- Task goal -
Copy the following data exactly and drop the pictures.

- Data shown -
┌──
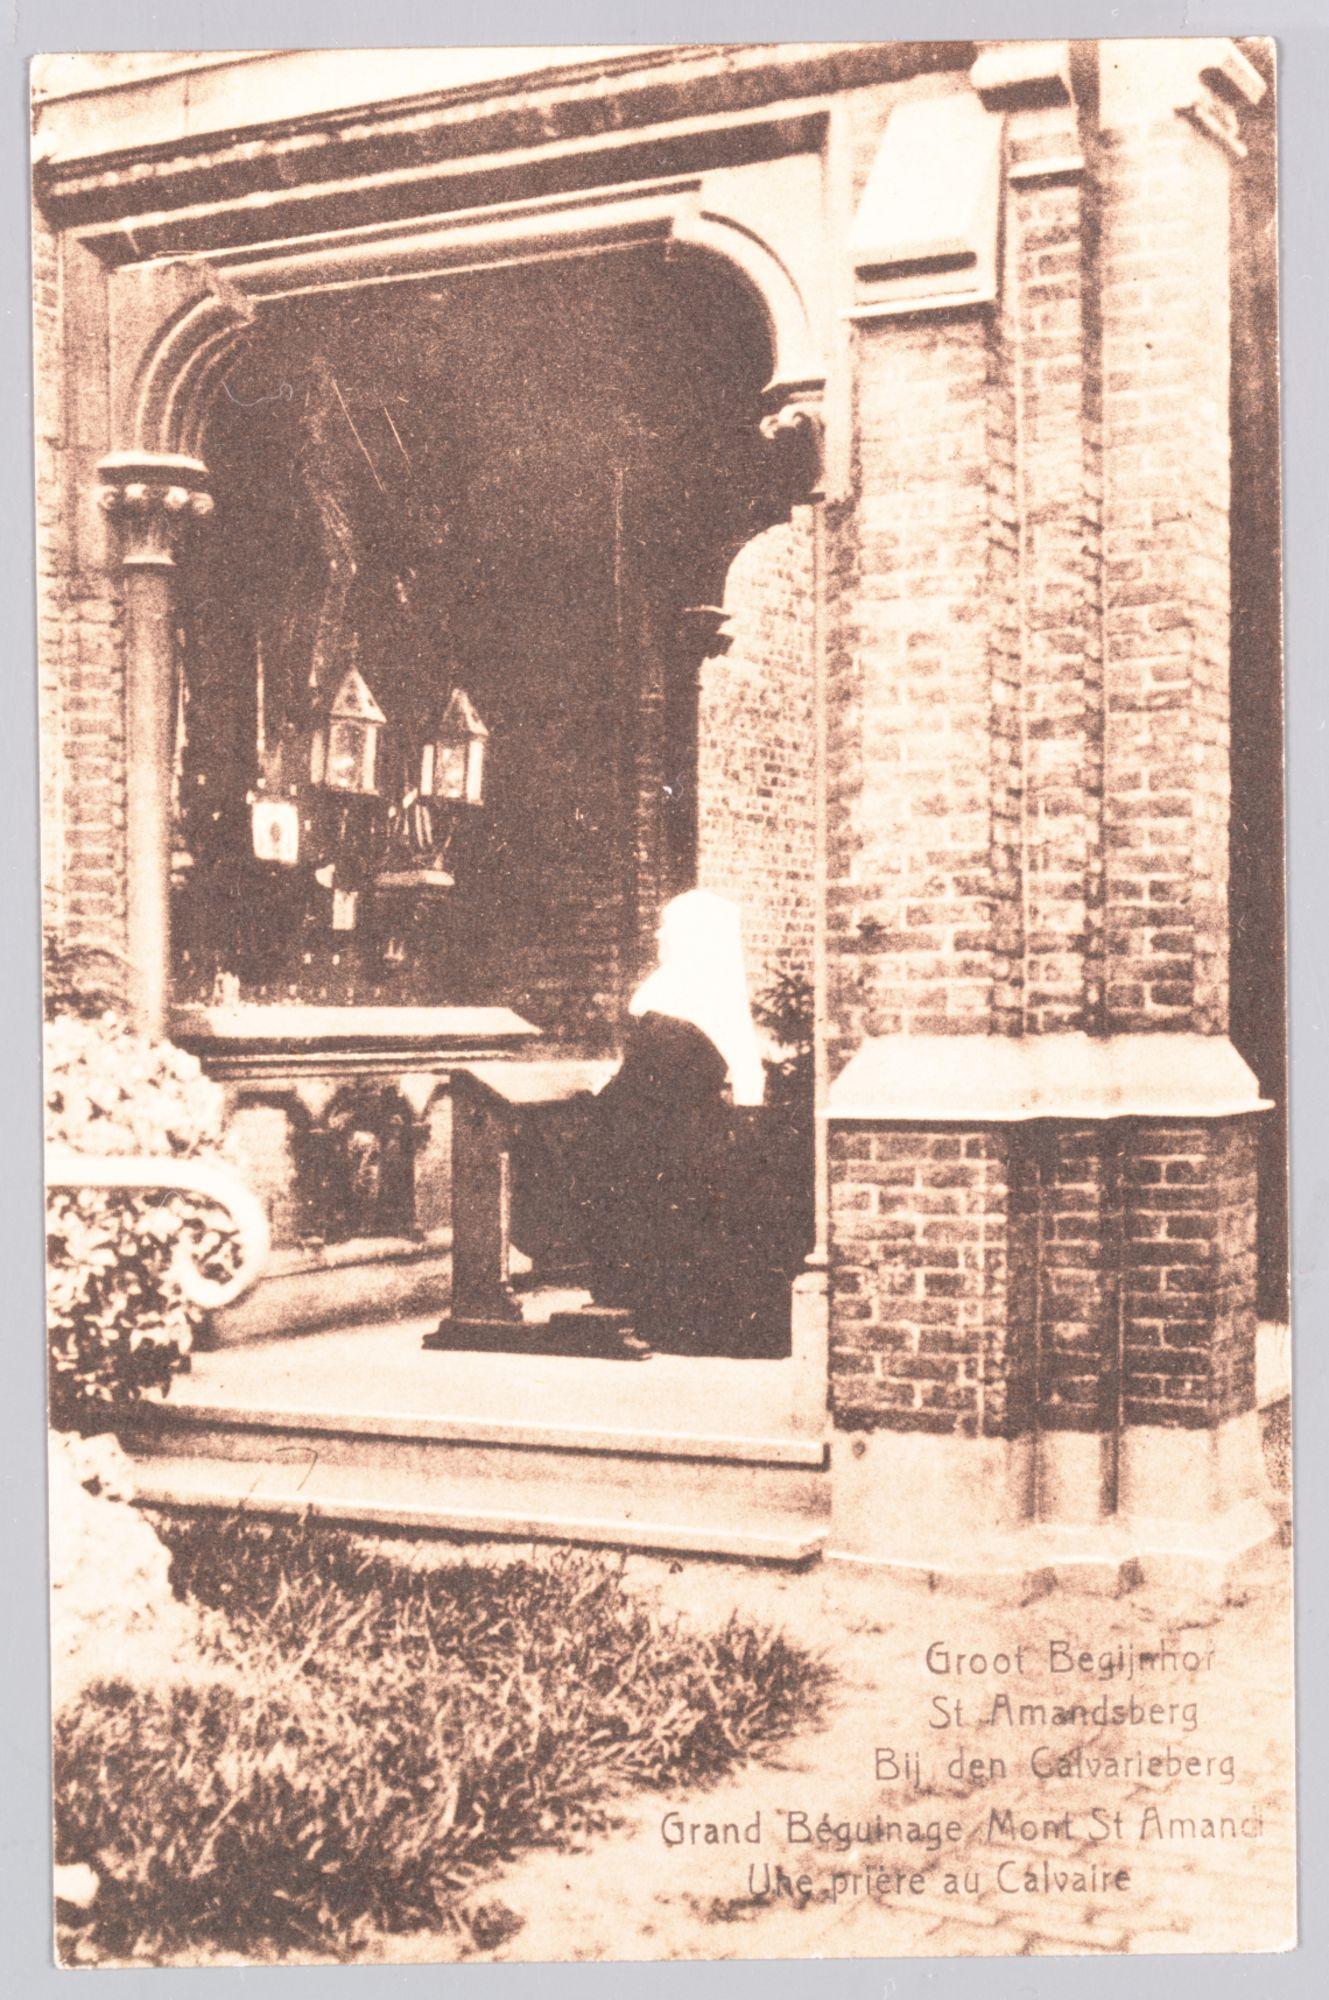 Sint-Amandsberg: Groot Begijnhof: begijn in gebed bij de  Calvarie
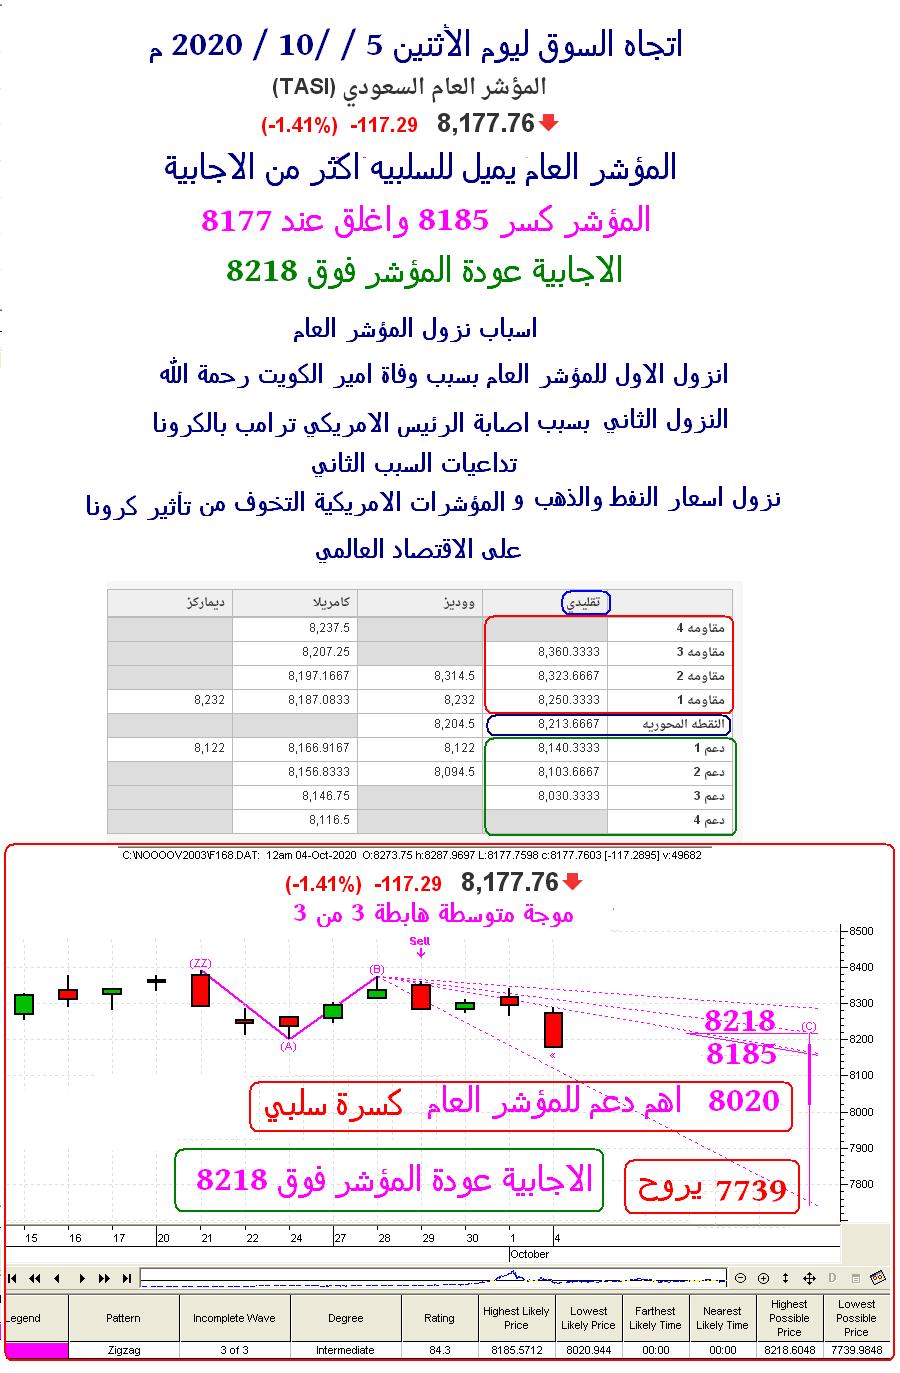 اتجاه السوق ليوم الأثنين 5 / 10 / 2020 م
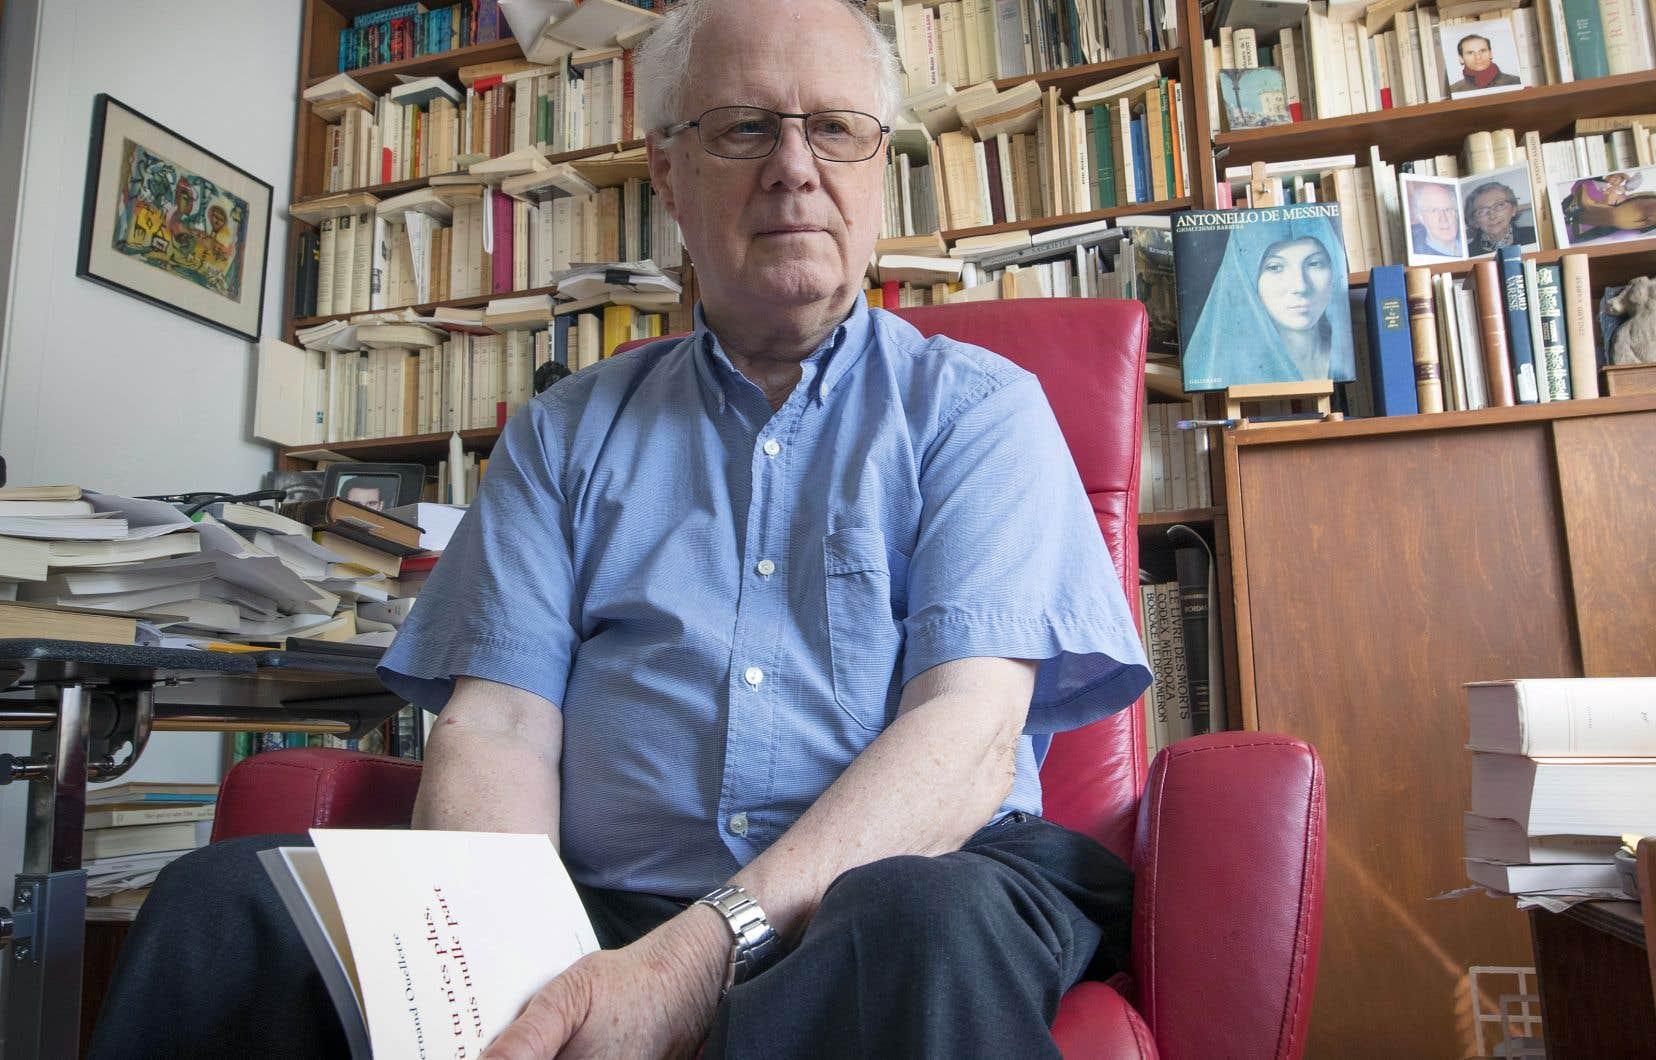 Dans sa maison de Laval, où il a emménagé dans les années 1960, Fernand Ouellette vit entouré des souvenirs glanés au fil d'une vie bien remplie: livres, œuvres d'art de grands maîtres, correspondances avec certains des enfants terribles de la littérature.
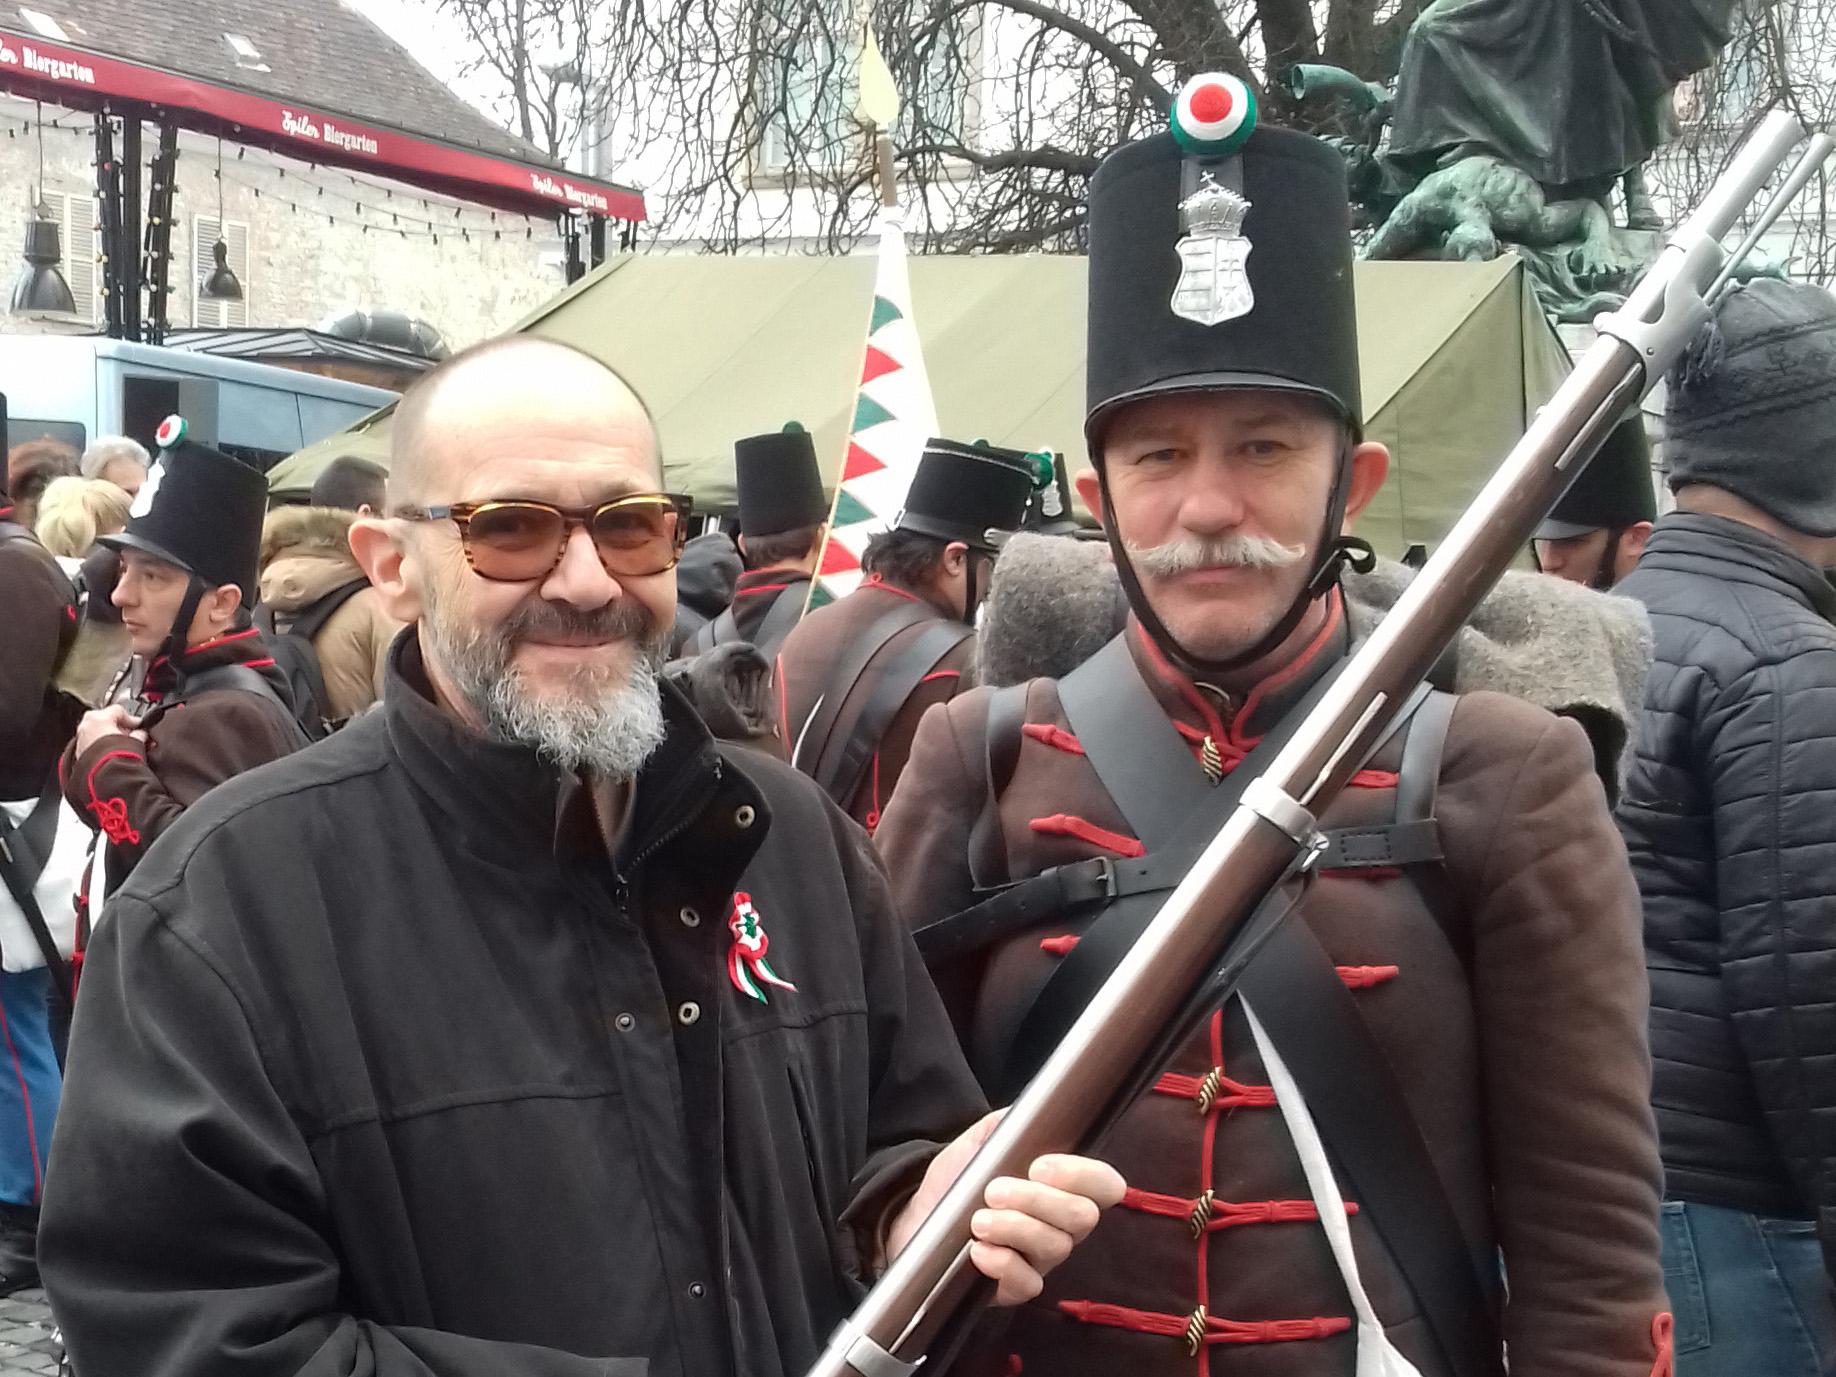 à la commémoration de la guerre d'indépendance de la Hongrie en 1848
└──
- Finished exercise -
 Sint-Amandsberg: Groot Begijnhof: begijn in gebed bij de  Calvarie
 اتجاه السوق ليوم الأثنين 5 / 10 / 2020 م
 Dans sa maison de Laval, où il a emménagé dans les années 1960, Fernand Ouellette vit entouré des souvenirs glanés au fil d'une vie bien remplie: livres, œuvres d'art de grands maîtres, correspondances avec certains des enfants terribles de la littérature.
 à la commémoration de la guerre d'indépendance de la Hongrie en 1848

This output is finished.